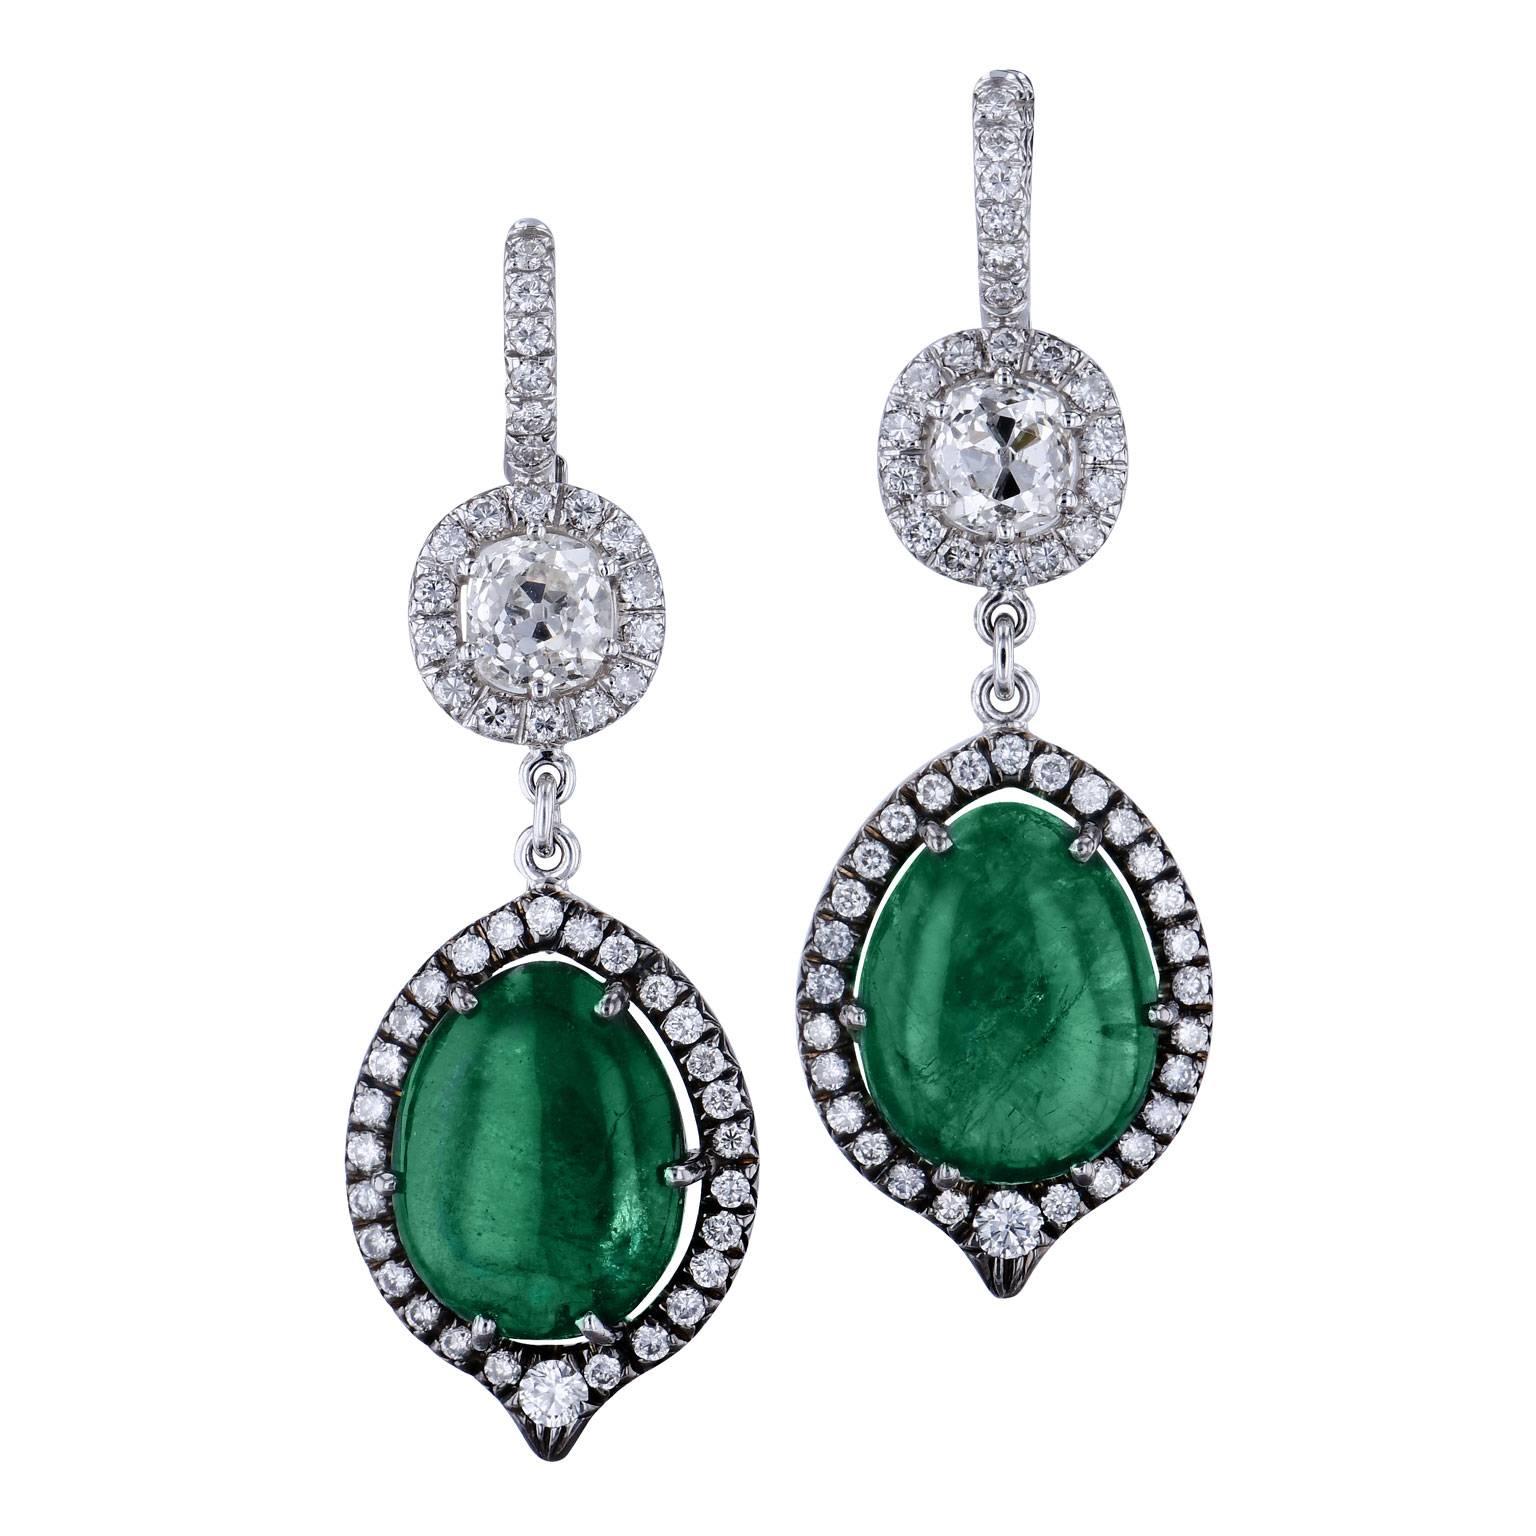 15.64 Carat Zambian Tear Drop Emerald and 1.05 carat of Diamond Earrings 18 kt
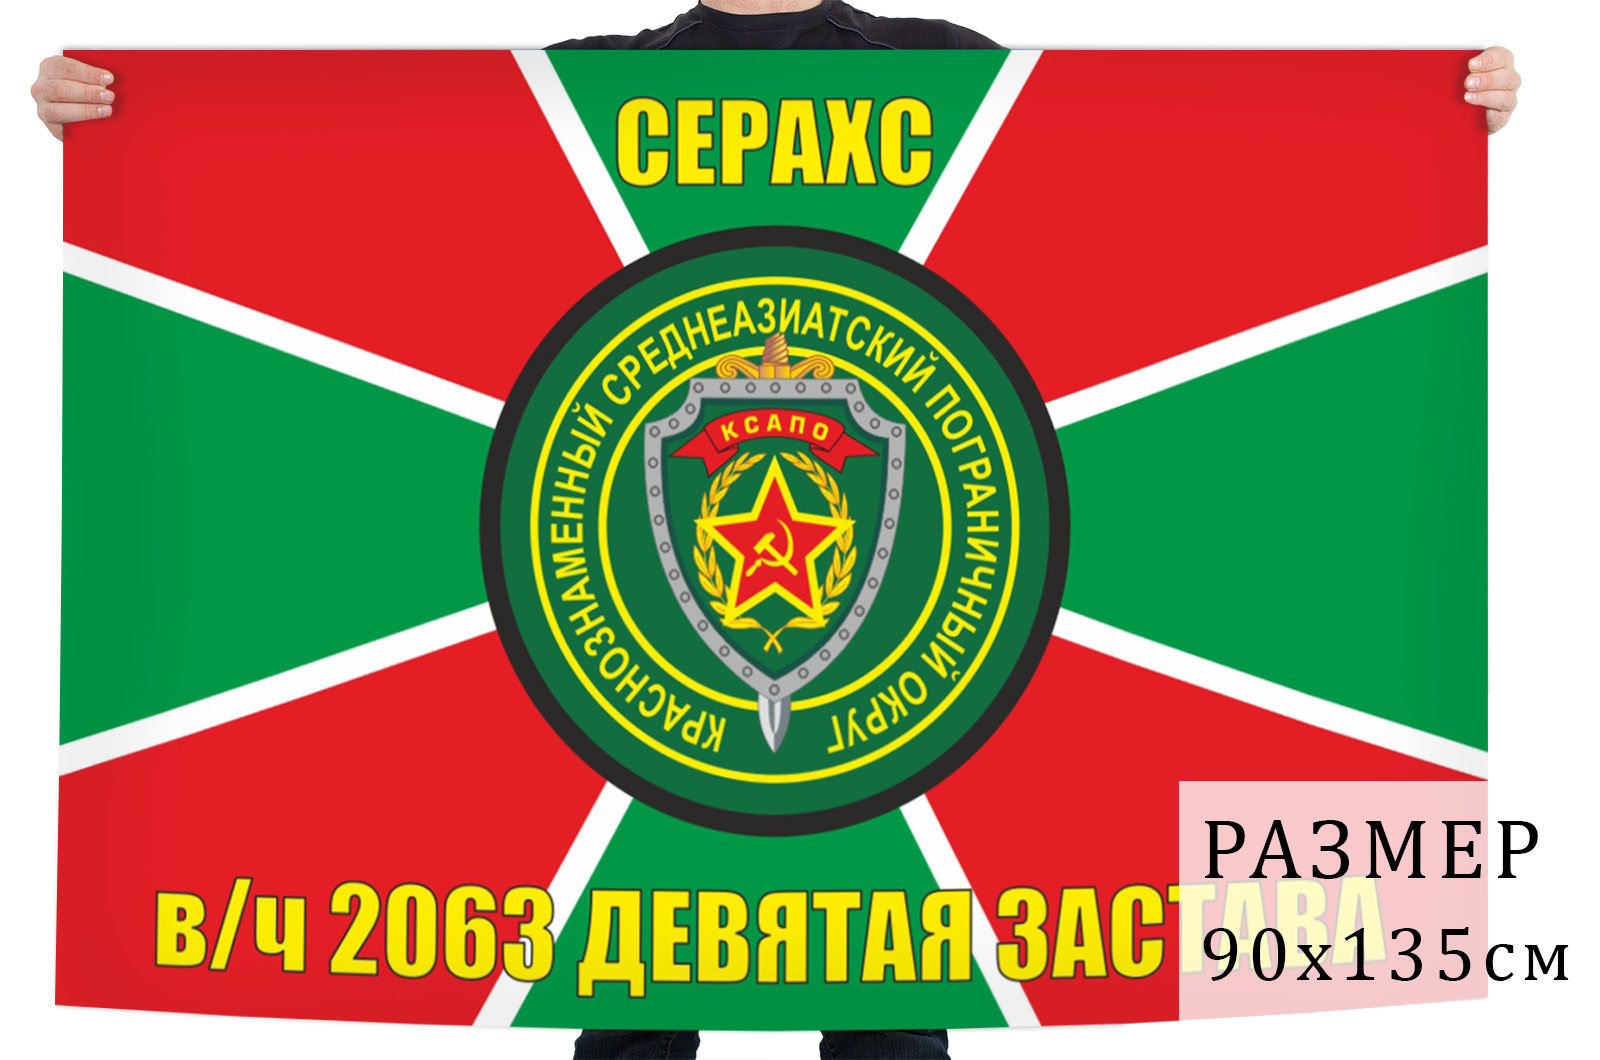 Двухсторонний флаг Девятой заставы Серахс, КСАПО в/ч 2063 
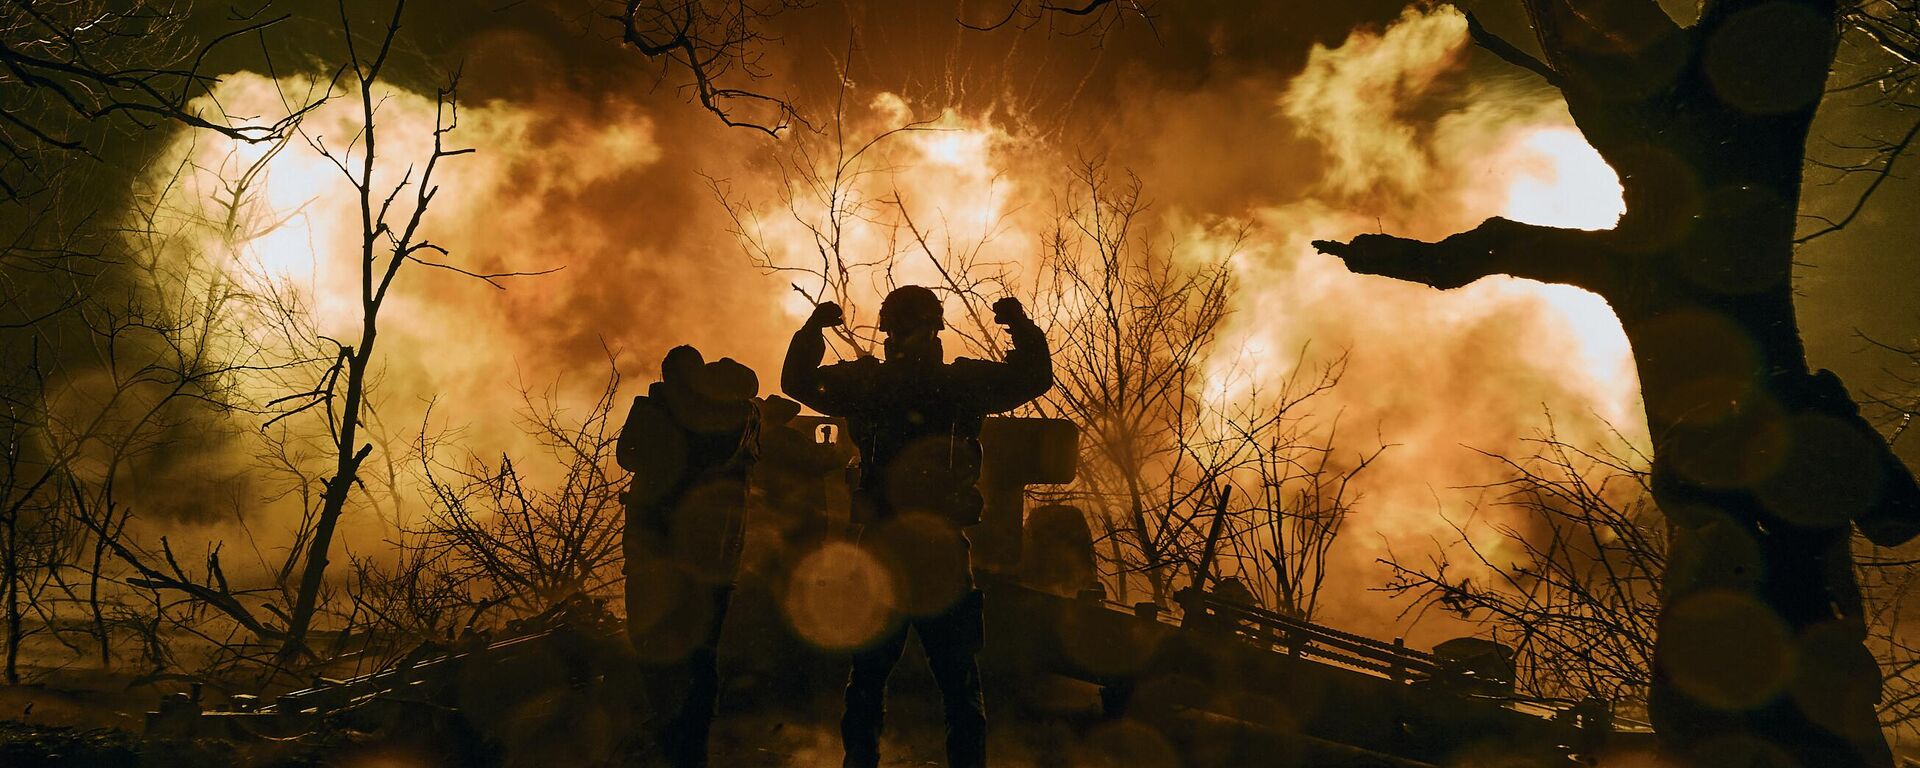  جنود أوكرانيون يطلقون نيران المدفعية على مواقع روسية بالقرب من باخموت في منطقة دونيتسك، 20 نوفمبر 2022.  - سبوتنيك عربي, 1920, 14.09.2023

# # #

To do: Give the listing above again exactly, minus any images.

Reply to the exercise:
 15.64 Carat Zambian Tear Drop Emerald and 1.05 carat of Diamond Earrings 18 kt
 Двухсторонний флаг Девятой заставы Серахс, КСАПО в/ч 2063 
  جنود أوكرانيون يطلقون نيران المدفعية على مواقع روسية بالقرب من باخموت في منطقة دونيتسك، 20 نوفمبر 2022.  - سبوتنيك عربي, 1920, 14.09.2023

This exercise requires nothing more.